What you need to do - Your copy of the data should match it exactly, except that the pictures are gone.

Exercise data -
⁂
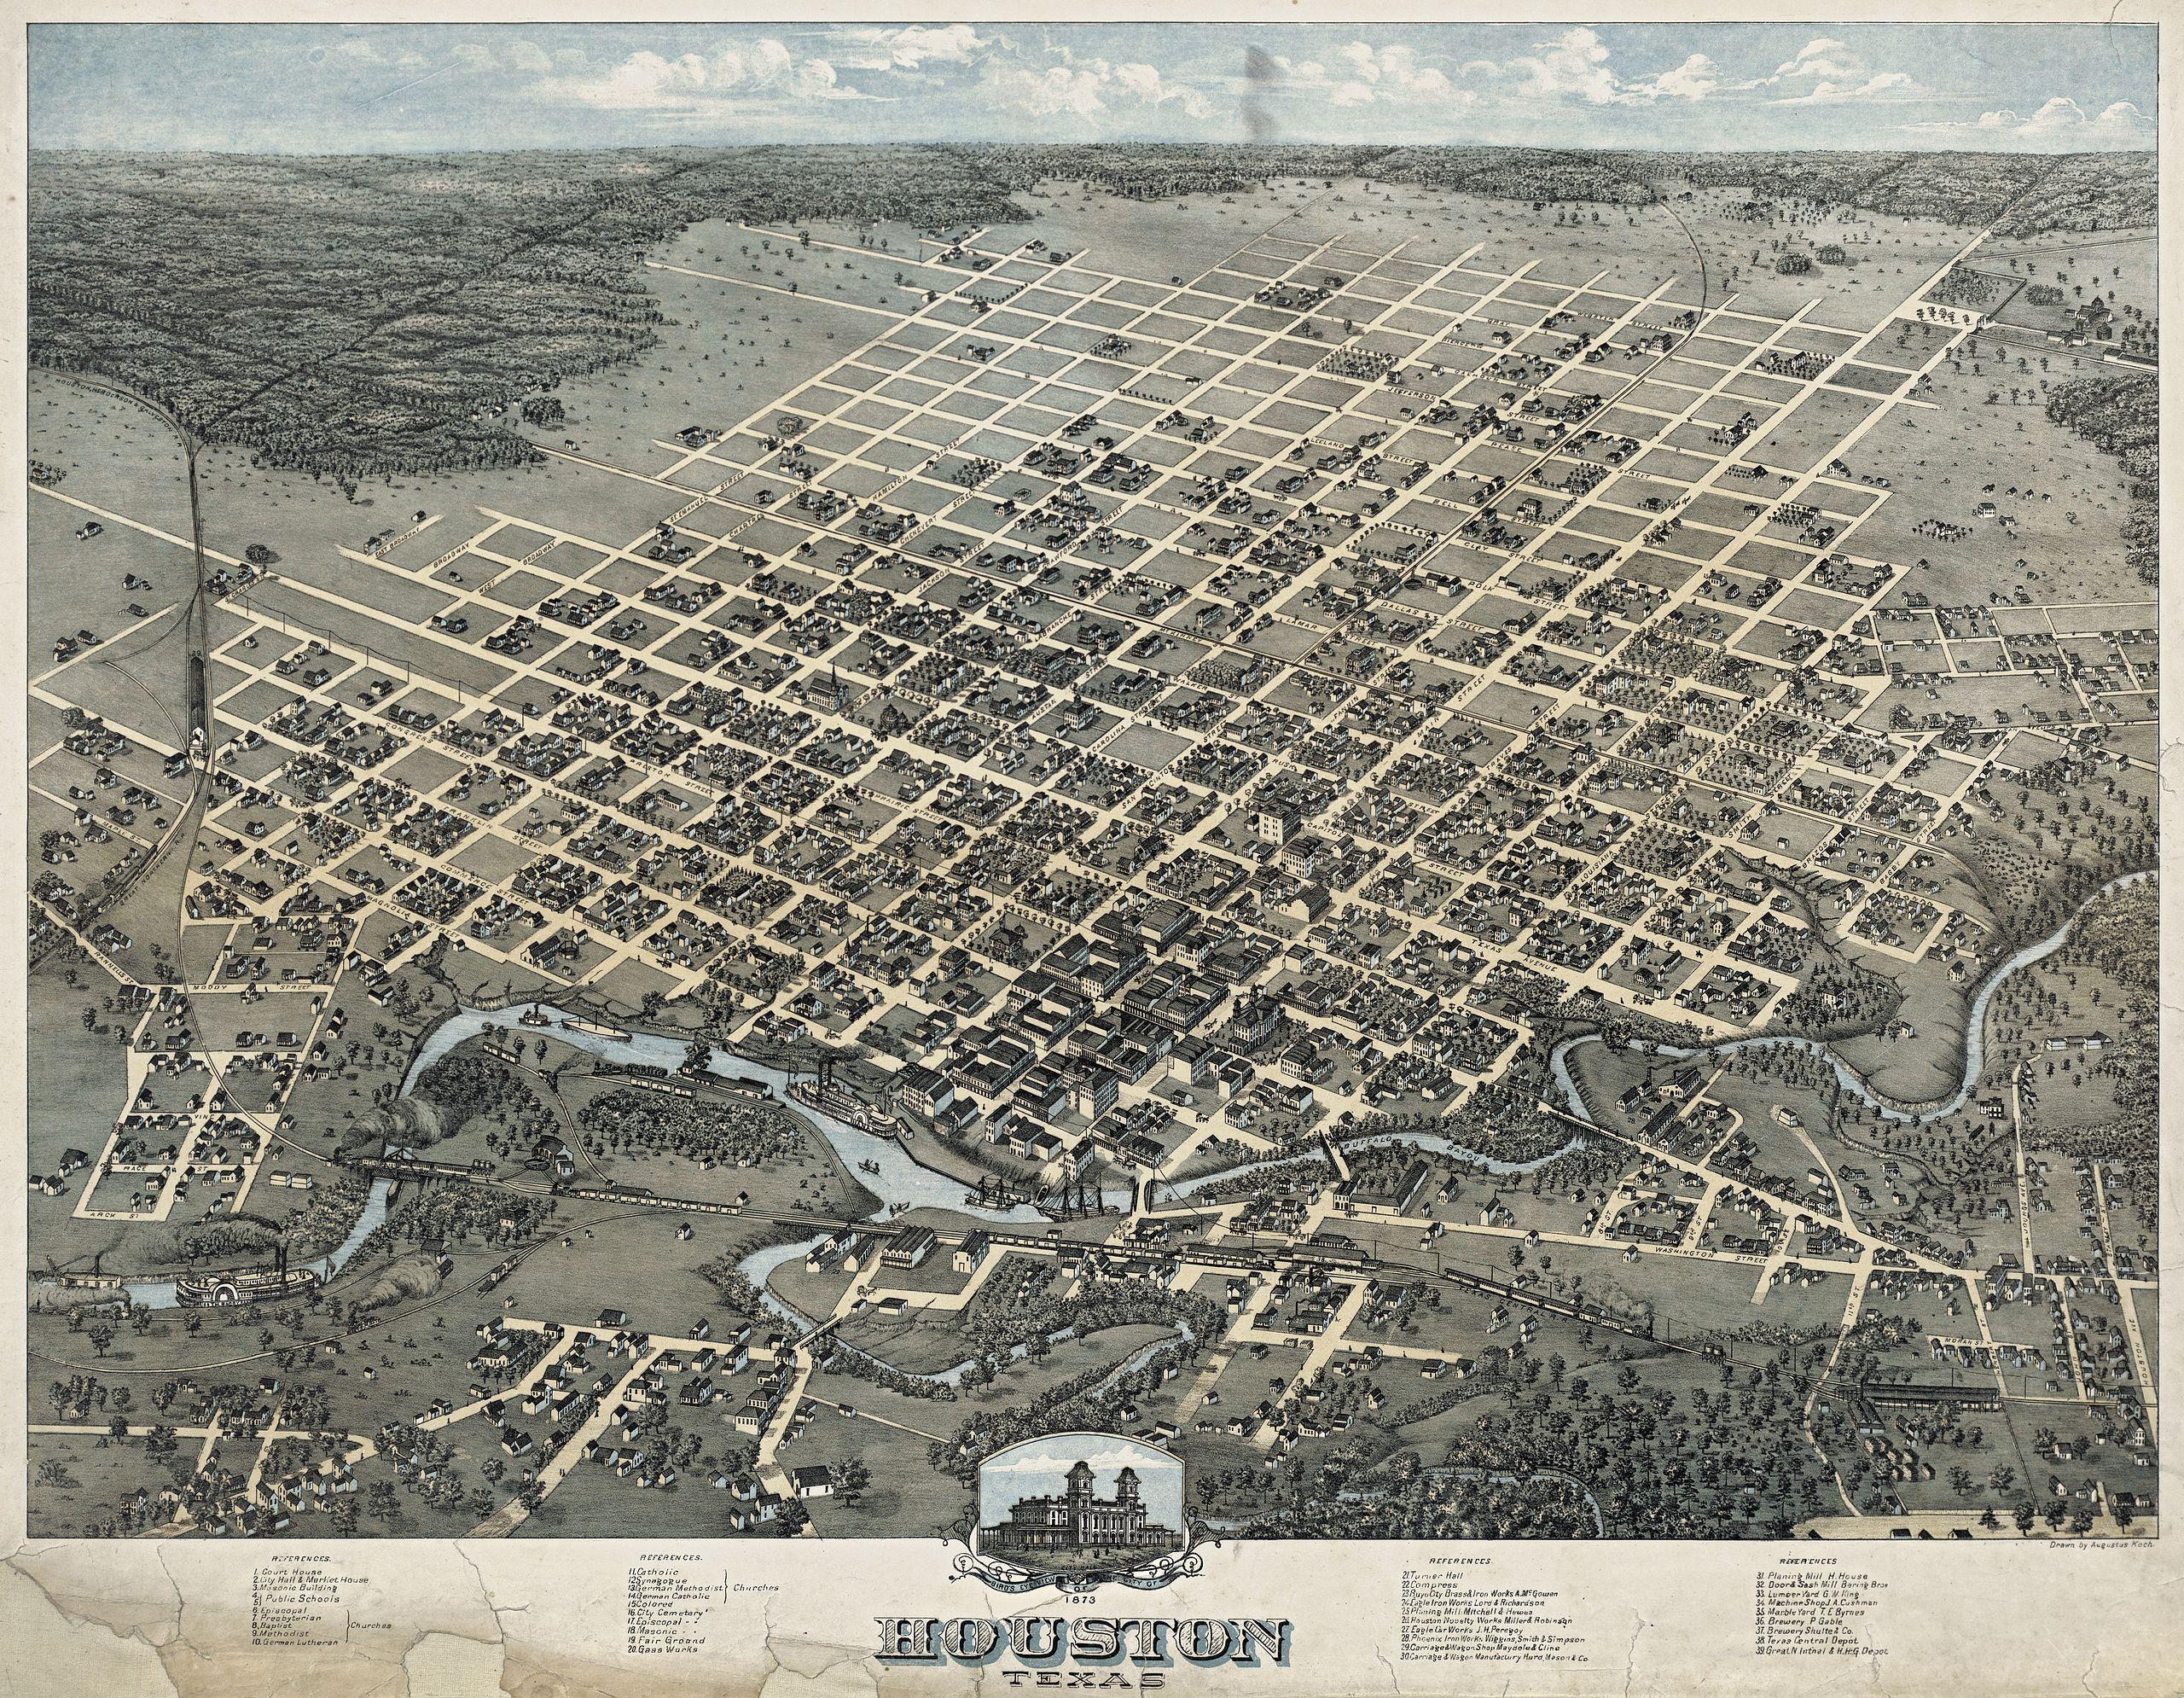 File:Old map-Houston-1873.jpg - Wikimedia Commons
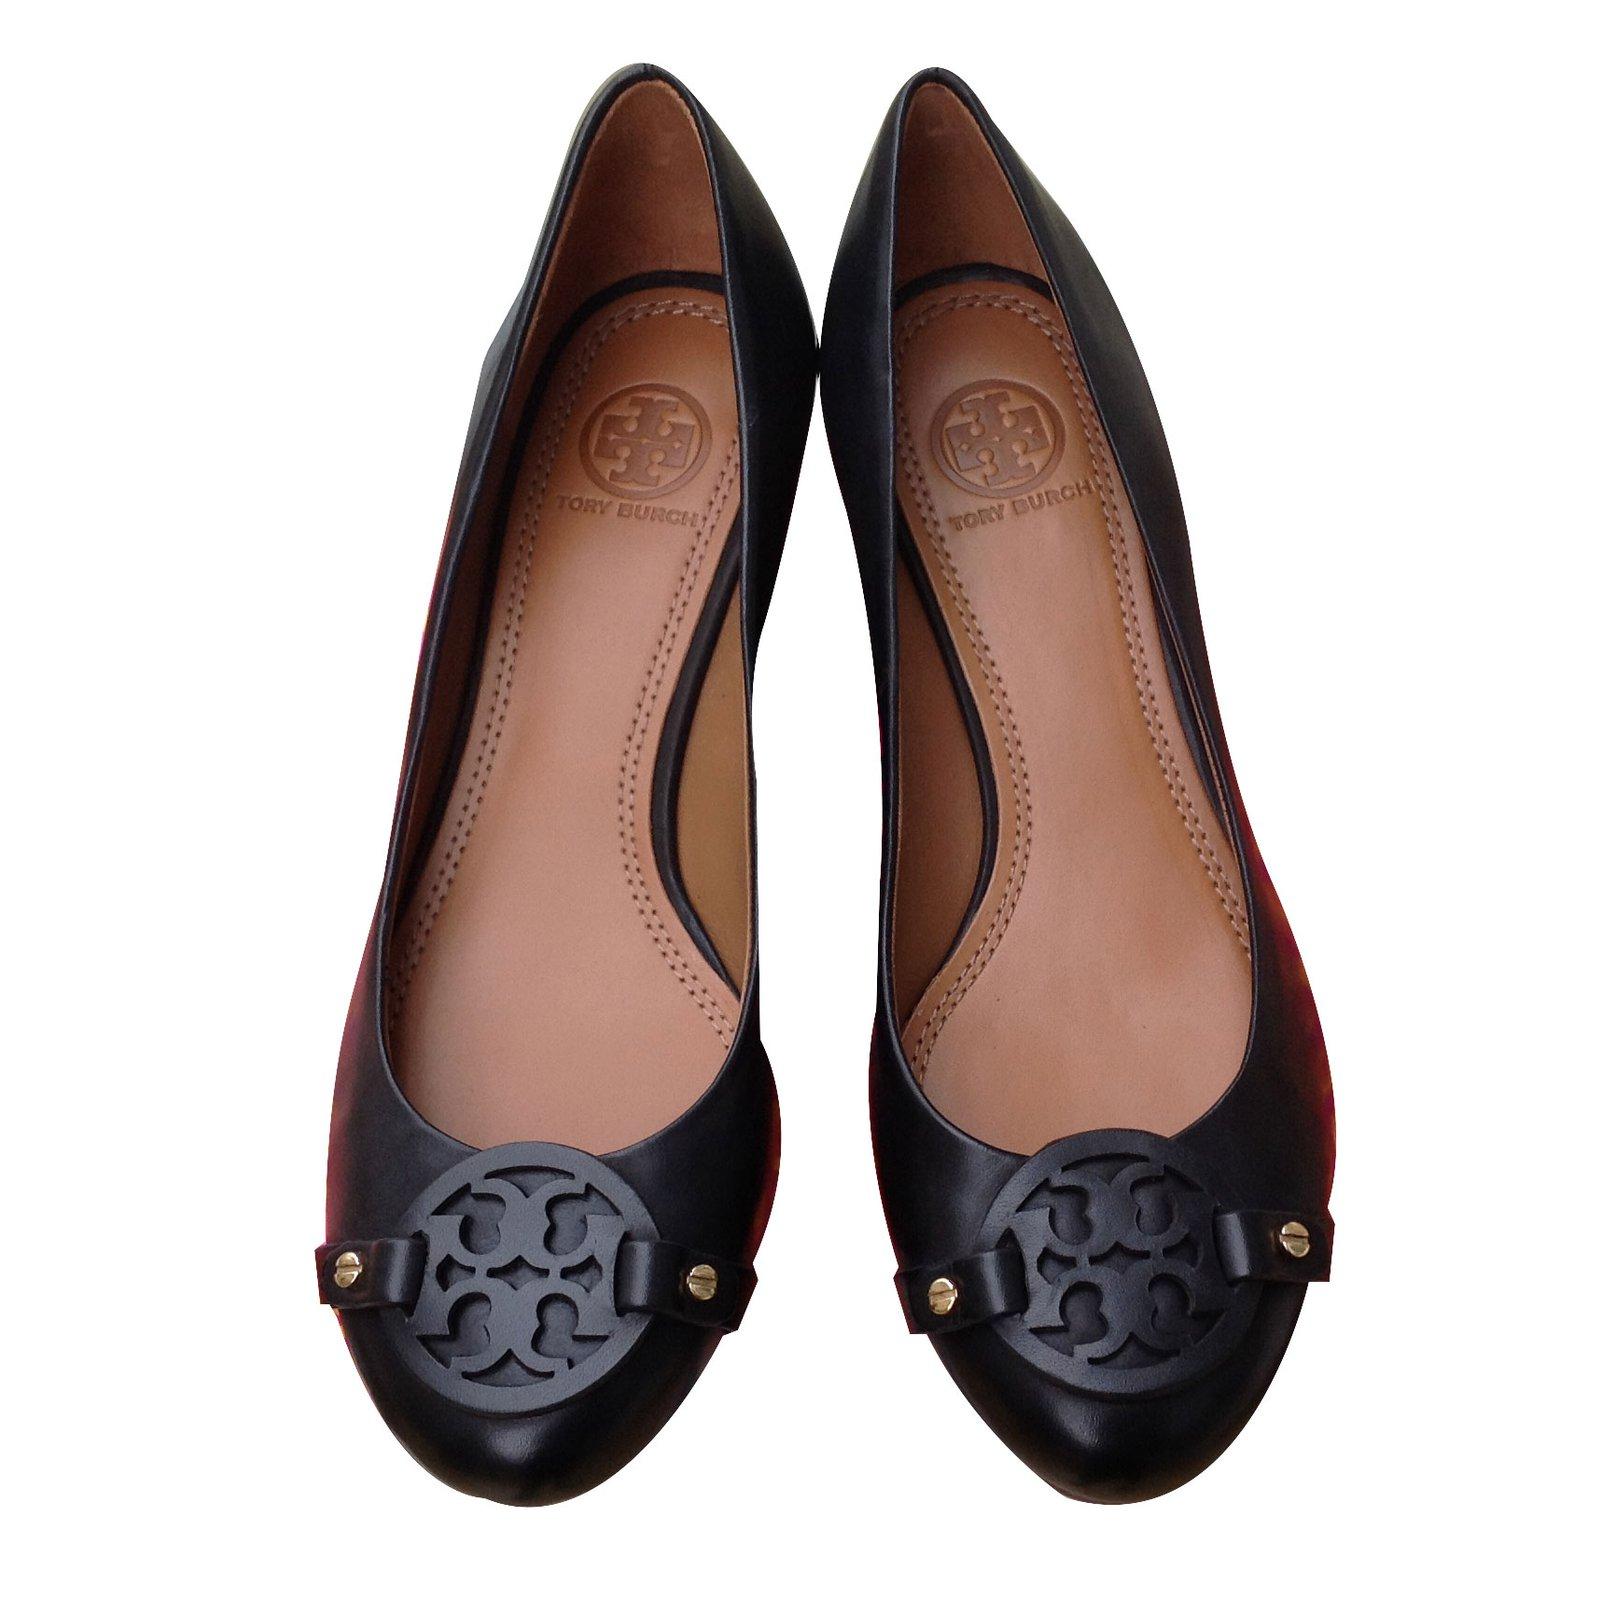 6eb857e1e Tory Burch Ballerinas Wedge mules Leather Black ref.20471 - Joli Closet
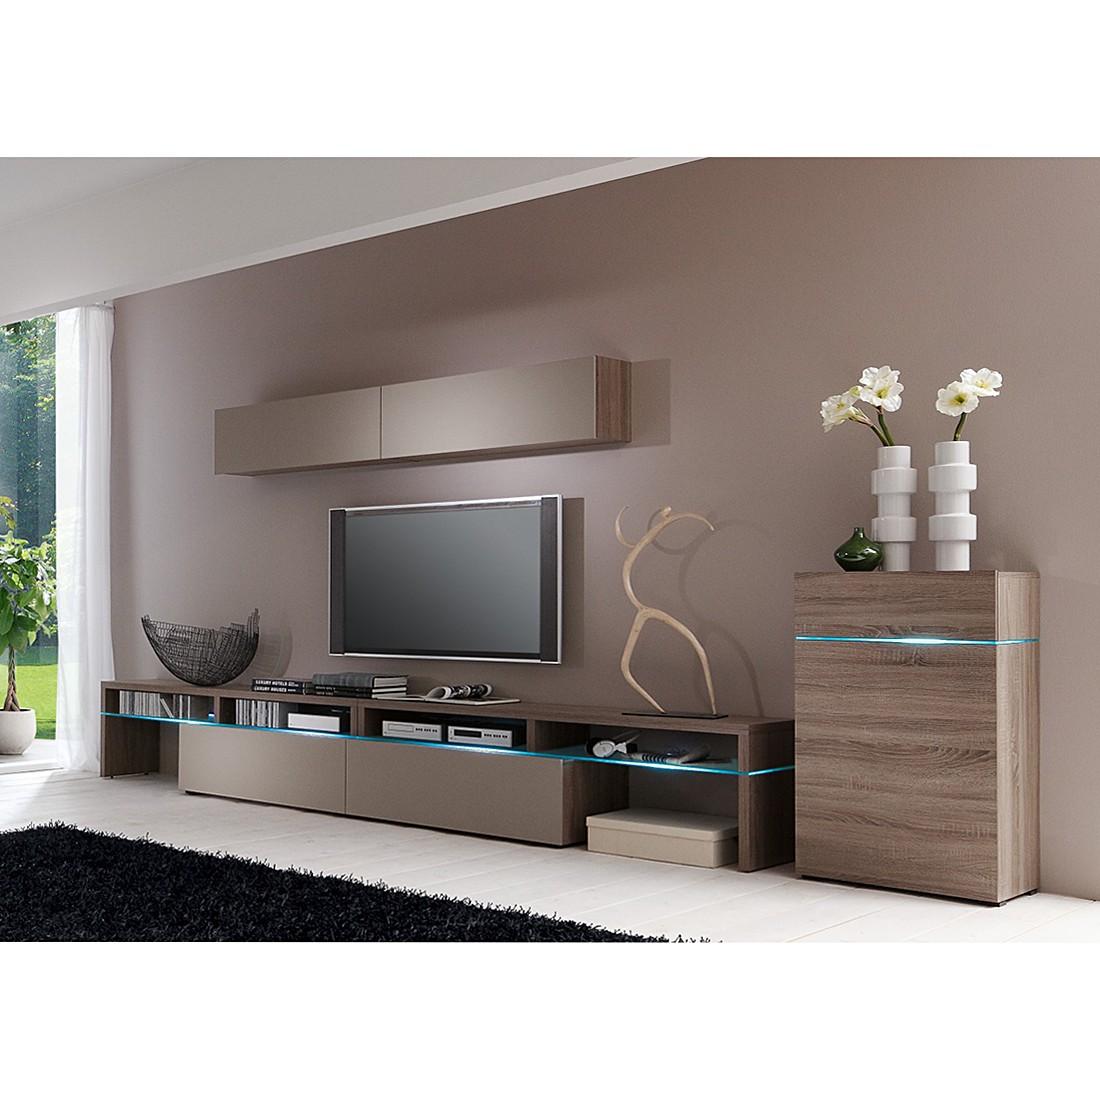 wohnwand colourart 4 teilig eiche sonoma tr ffel dekor congo ohne beleuchtung cs schmal. Black Bedroom Furniture Sets. Home Design Ideas
⁂
Result of this task -
 File:Old map-Houston-1873.jpg - Wikimedia Commons
 6eb857e1e Tory Burch Ballerinas Wedge mules Leather Black ref.20471 - Joli Closet
 wohnwand colourart 4 teilig eiche sonoma tr ffel dekor congo ohne beleuchtung cs schmal. Black Bedroom Furniture Sets. Home Design Ideas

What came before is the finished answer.